Work task |
Here the job is to transcribe the data verbatim while leaving each picture out.

Data section |
--

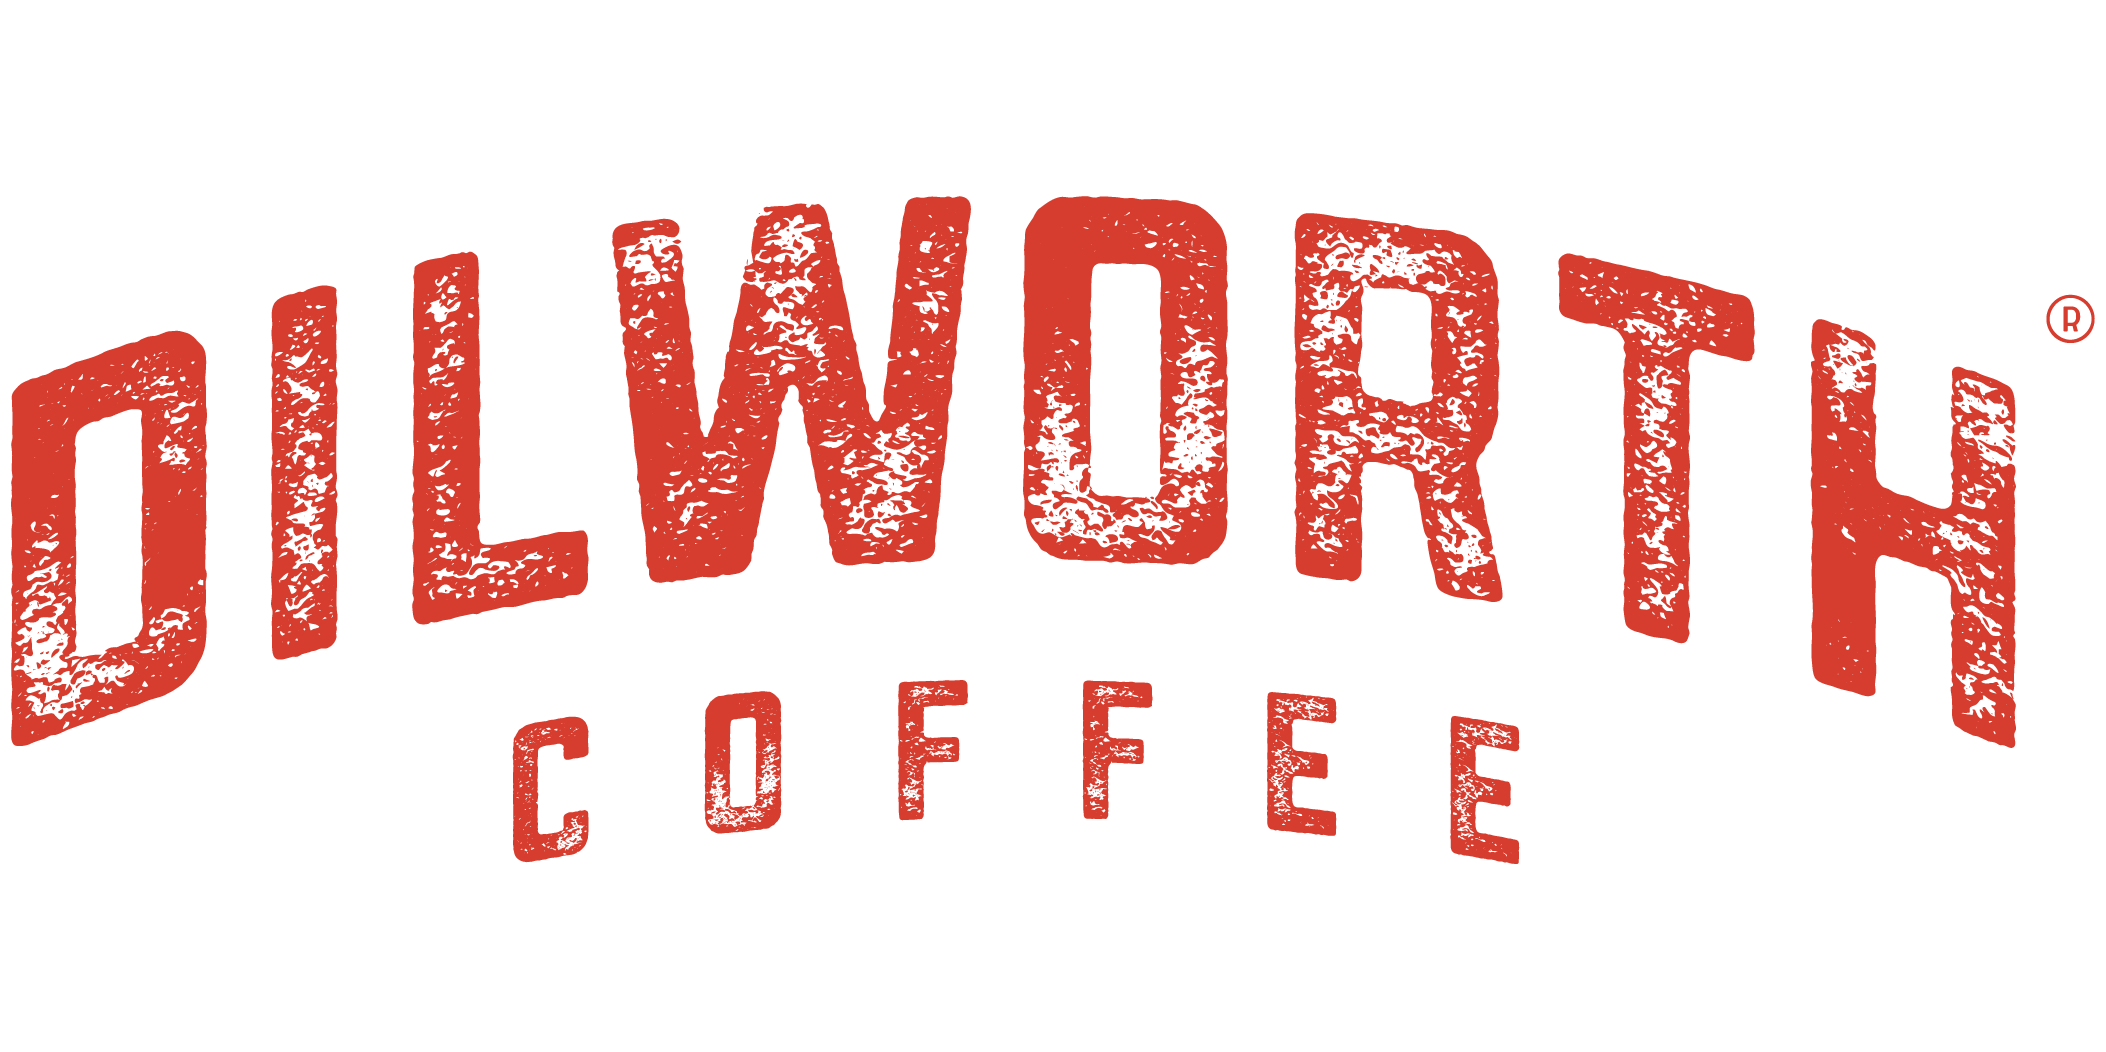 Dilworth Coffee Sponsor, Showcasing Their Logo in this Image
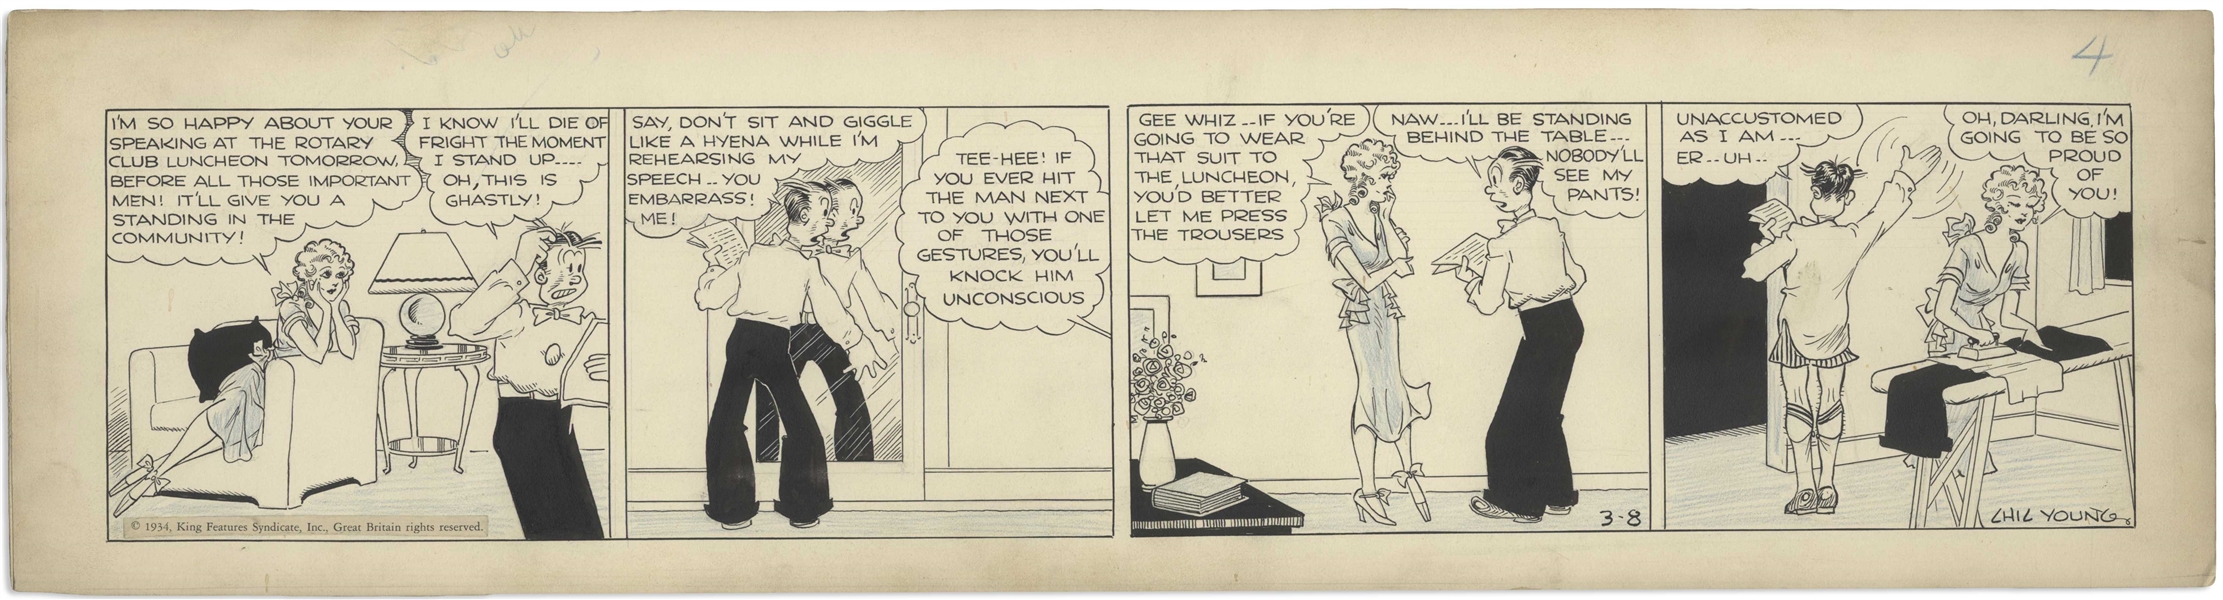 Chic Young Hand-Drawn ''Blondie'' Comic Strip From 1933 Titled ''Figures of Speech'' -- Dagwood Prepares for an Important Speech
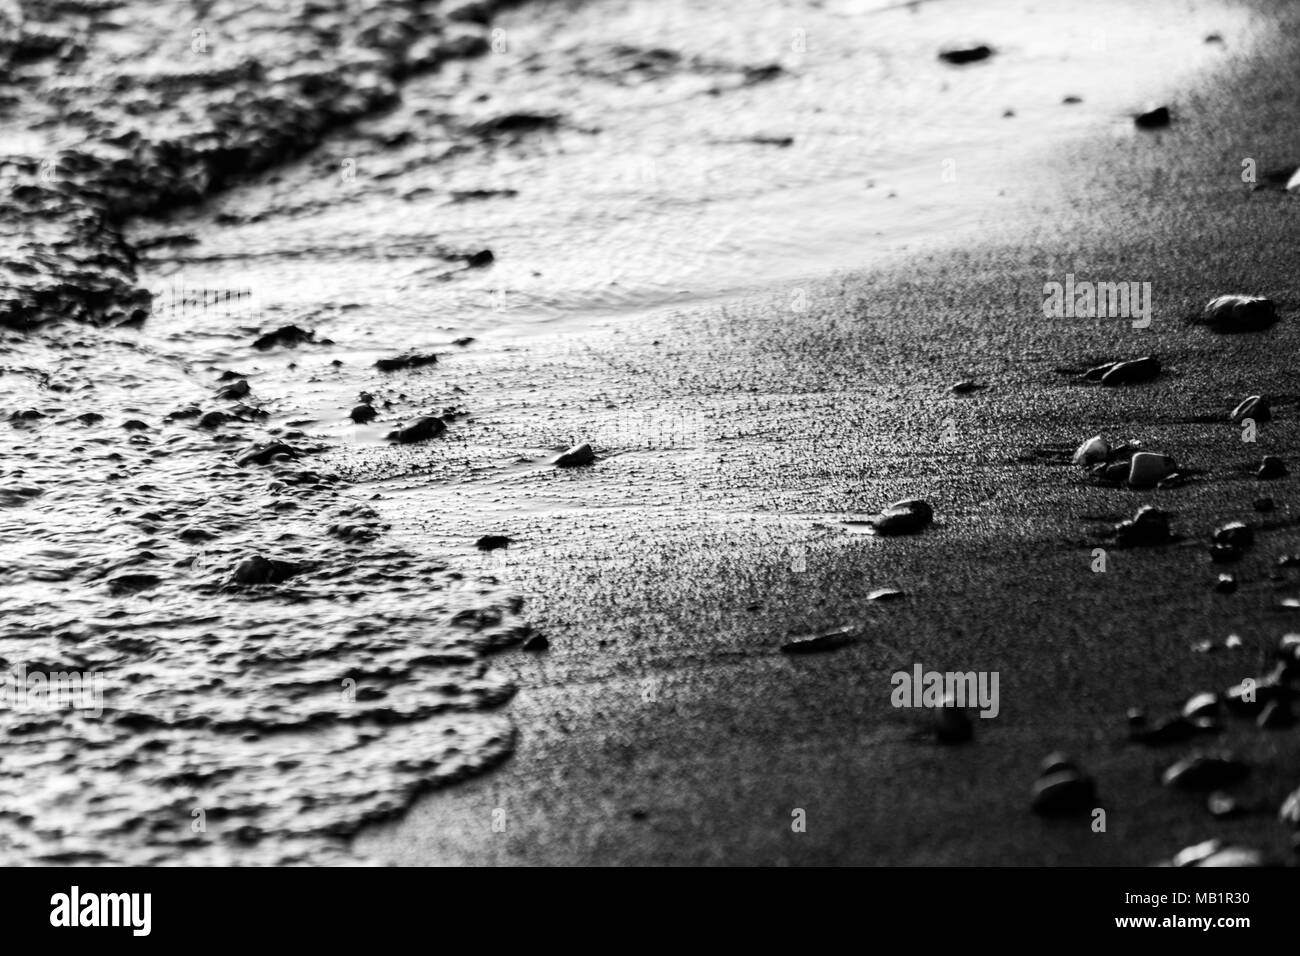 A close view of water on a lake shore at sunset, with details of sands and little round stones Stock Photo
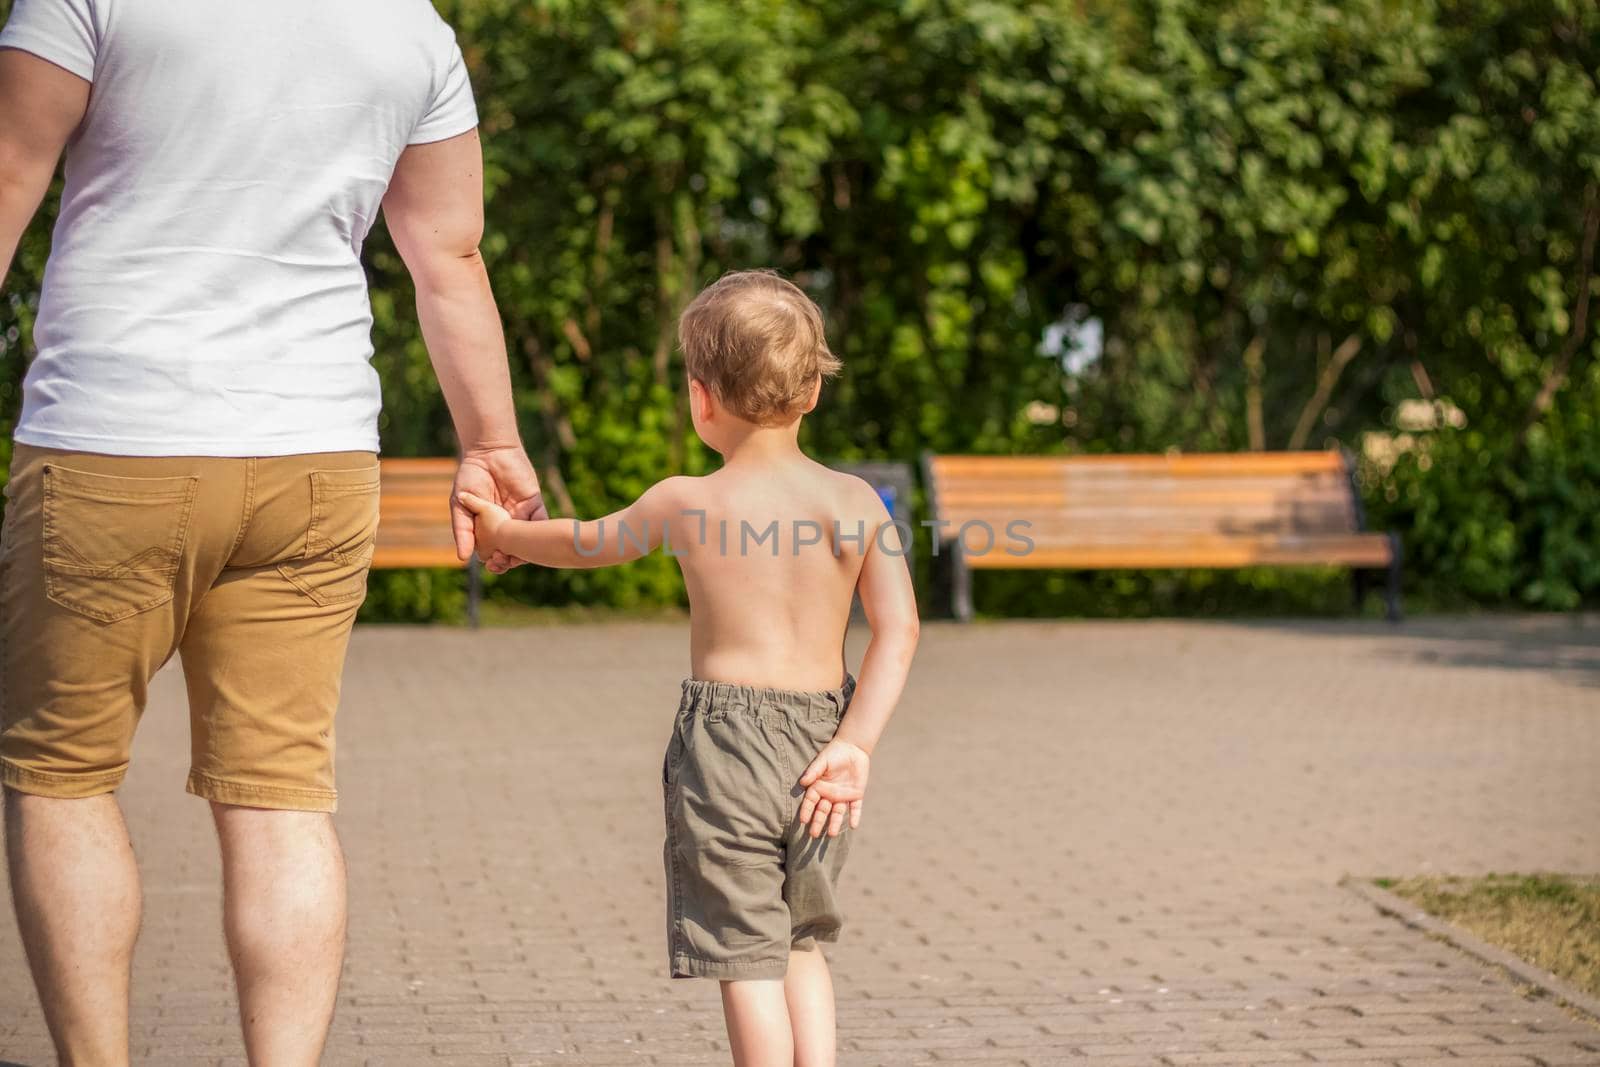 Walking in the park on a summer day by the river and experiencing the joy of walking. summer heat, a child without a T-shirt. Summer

--

Exercise output |
 Dilworth Coffee Sponsor, Showcasing Their Logo in this Image
 Chic Young Hand-Drawn ''Blondie'' Comic Strip From 1933 Titled ''Figures of Speech'' -- Dagwood Prepares for an Important Speech
 A close view of water on a lake shore at sunset, with details of sands and little round stones Stock Photo
 Walking in the park on a summer day by the river and experiencing the joy of walking. summer heat, a child without a T-shirt. Summer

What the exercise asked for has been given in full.